The Triumph of the Cross

The Rev. Paddy Cavanaugh, Palm Sunday, Year B, 3/24/24


In the name of the Father, Son, and Holy Ghost, amen.


Today, Palm Sunday, we are thrust directly into the drama of Holy Week. There is no soft peddling or easing into things. We begin this liturgy in the exact manner we know this story will end – with triumph. Jesus’s triumphal entry to Jerusalem is a foreshadowing of what is to come on Easter Day with Jesus’s triumphal resurrection, and on the last day, with Jesus’s triumphal return. 


But triumph is not where this service of Palm Sunday leaves us. Before the fanfare and excitement of Jesus’s kingly arrival has faded, we are launched directly into the account of Jesus’s trial and Passion, because our Lord’s triumph is a peculiar one. It is a triumph won through the way of the cross, which we walk with him during this Holy Week.


But why? Why would the Lord of all Creation, who sent his only son to be the savior of the world choose to submit himself to such a heartbreaking and brutal way of winning this work of salvation we so dearly need? Surely our Lord could have swooped down from on high and cast down the works of darkness forever, like God did to Pharaoh’s army by casting them in the Red Sea. Surely Christ could have installed himself on a throne like Caesar’s and ruled over all creation as a powerful emperor. Why wouldn’t our God of power and might choose one of those options to win the decisive victory over sin and death? An option which unambiguously demonstrated God’s ultimate dominion? An option we could understand?

Well, I think it’s precisely the ease with which we understand that way of victory through domination that Jesus chose instead victory by way of the cross. Humanity is so accustomed to leaders, saviors, and kings who promise to deliver us through demonstrations of strength, bravado, and power. Pick any chapter of any history book and you will find examples of leaders and kings who give assurances that salvation will come to us through conquest of our enemies with military, economic, and political might. These are promises we are well familiar with, promises that are enticing to us insofar as they appeal to our own personal desire for strength, security, and the upper hand ourselves. The promises of these kingly figures often speak to a human desire for personal kingship in our own right.

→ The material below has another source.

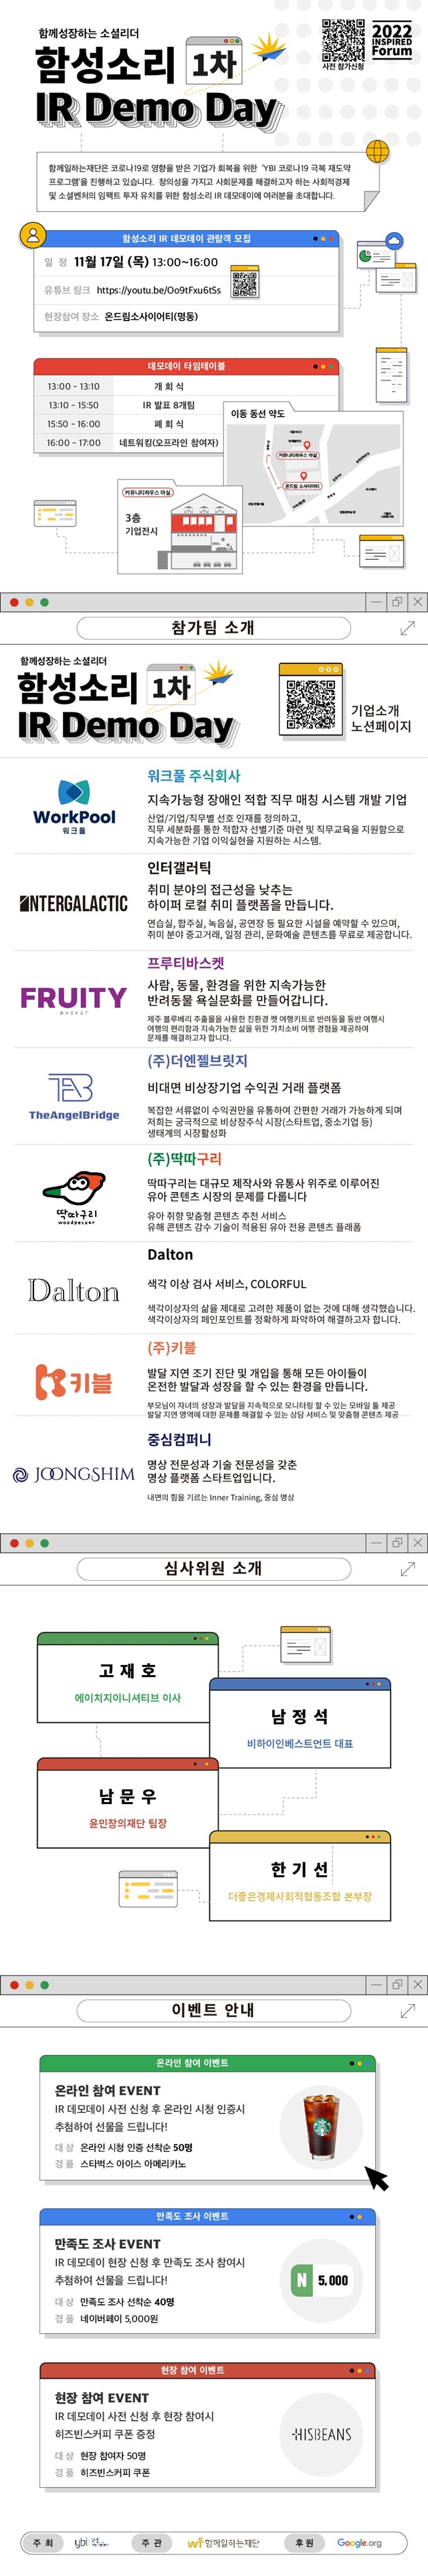 함께일하는재단, '함성소리 1차 IR Demo Day' 개최
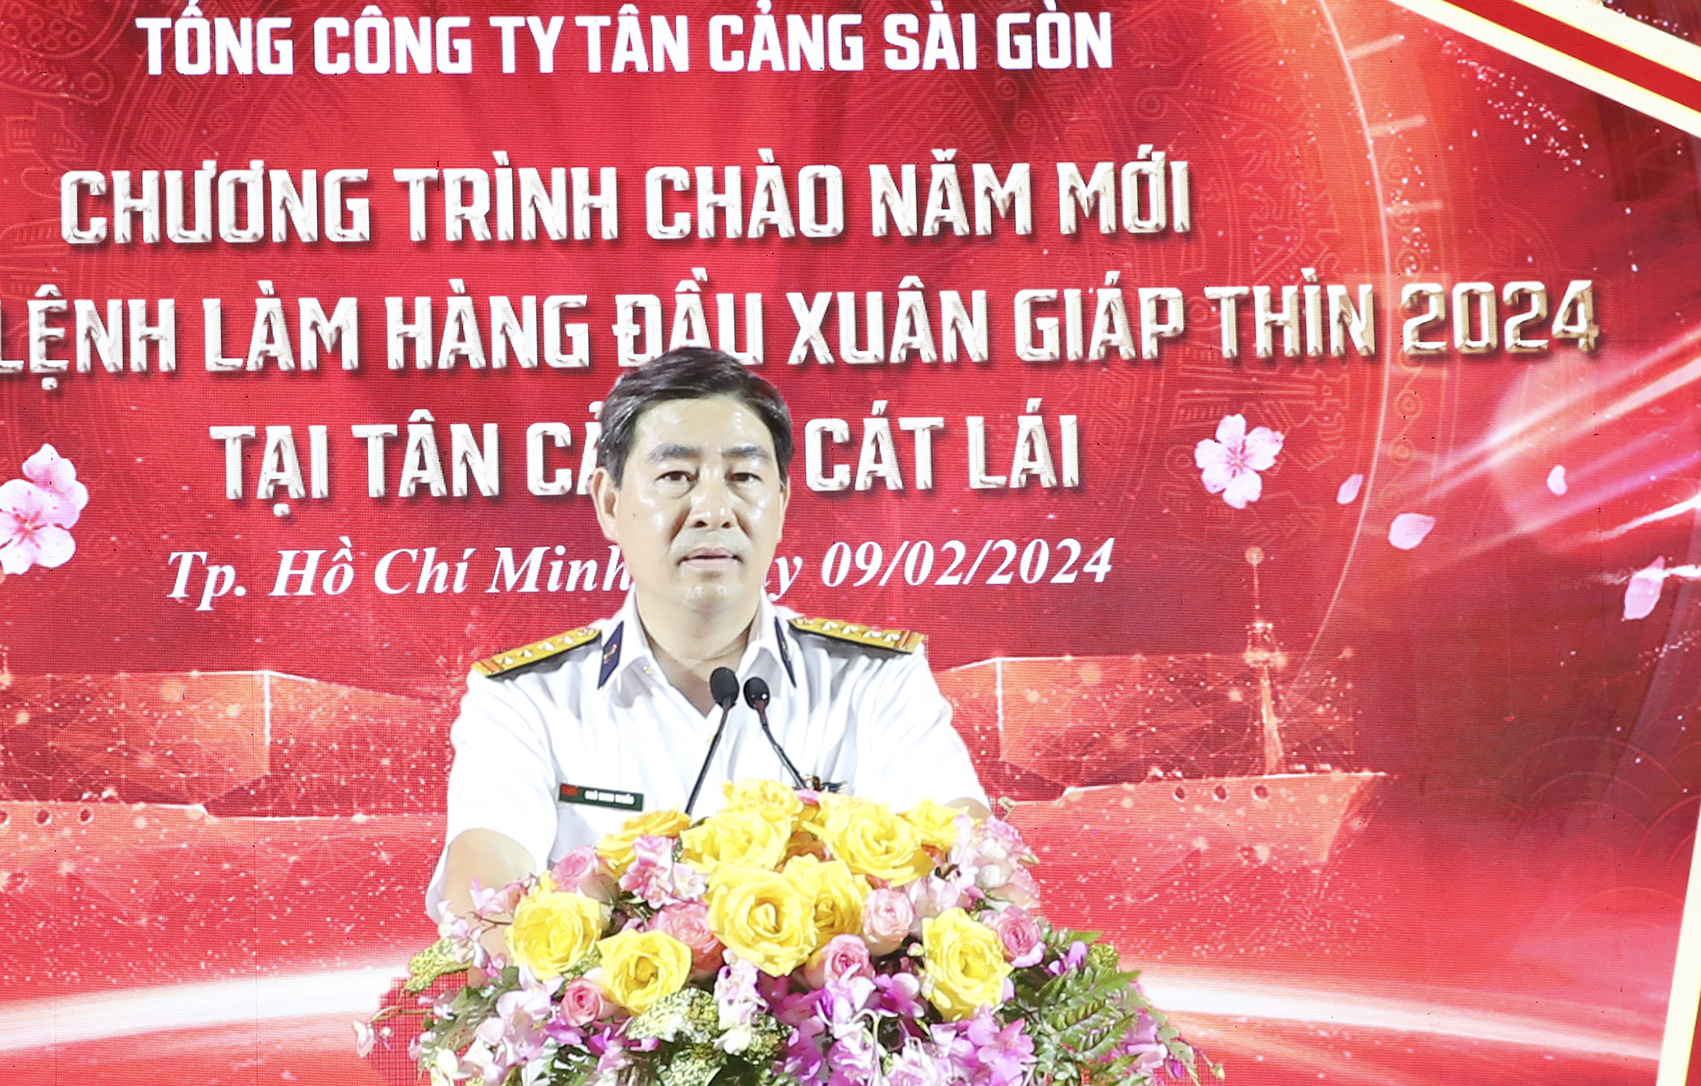 Tổng công ty Tân Cảng Sài Gòn phát lệnh làm hàng đầu xuân Giáp Thìn 2024- Ảnh 2.

Christ is our king and we are subject to him, but Christ does not come as yet another human king. Pilate himself recognizes this. He asks Jesus, “are you the King of the Jews?” I think more than simple mockery, there is some earnestness to Pilate’s question. That morning Jesus arrived in Jerusalem with all the pageantry and fanfare expected of a king’s arrival, yet instead of a mighty warhorse and columns of soldiers and generals, he rode in on a draft animal with a ragtag following of tax collectors, women, and fisherman. Pilate, like us, is perplexed and curious as to what kind of king would make such an entrance and it catches him off guard.


Then, Pilate gives Jesus an opportunity to defend or explain himself in a way that is understandable to the logic of power that he and the religious leaders are used to dealing in. Yet Jesus offers no reply. He appears to submit defenselessly to the forces of domination that are about to crash down on him. And scripture says, Pilate is amazed.


The pageantry of Christ’s kingship continues and this time there is no question whether it is mockery. Soldiers clothe Jesus in a purple garment, the color of royalty. They hold a mock coronation by placing a crown of thorns on his head. They pretend to pay homage to him, then strike him and whip him, before leading him out for the finale of this awful travesty. Christ the king is enthroned. His throne is the cross.


Why must his throne be the cross. The awful, brutal, cross?


The cross is the throne of our king because Christ is a king who offers everything he has – even his own life – at our feet. Christ our king pays homage, with his life, to us.


While the powers of sin and darkness were making a mockery of God incarnate, God incarnate was making a mockery of this mockery through love. Christ’s enthronement on the cross for us is a compassionate reversal of every expectation we hold about what it means to be kingly and powerful.


Where the world’s kings send others out to kill and be slain, God is slain for us.

Where the world’s kings condemn and punish, God forgives the punishers.

Where the world’s kings demand tribute and offerings, God offers himself for us.


The Cross is the throne of our Lord Jesus Christ because the cross, the way of perfect humility, servanthood, and reconciliation, is the power of God almighty.


The cross is the throne of Christ because it is the thing we least expect the power of love to look like. And while the forces of sin and evil did everything in their power to dismantle the power of God’s love, Christ through his loving sacrifice was dismantling the power of sin and death. Christ on the cross neutralized it and transformed it so that the cross, the very thing which once represented the power of death and domination most vividly, becomes instead our most powerful symbol of life and God’s love for us.


As we prepare to walk the way of the cross with our peculiar King this Holy Week, let us not for one moment lose sight of that. The triumph of God is the triumph of Christ our king, with arms outstretched in love, upon the hard wood of the cross. Amen.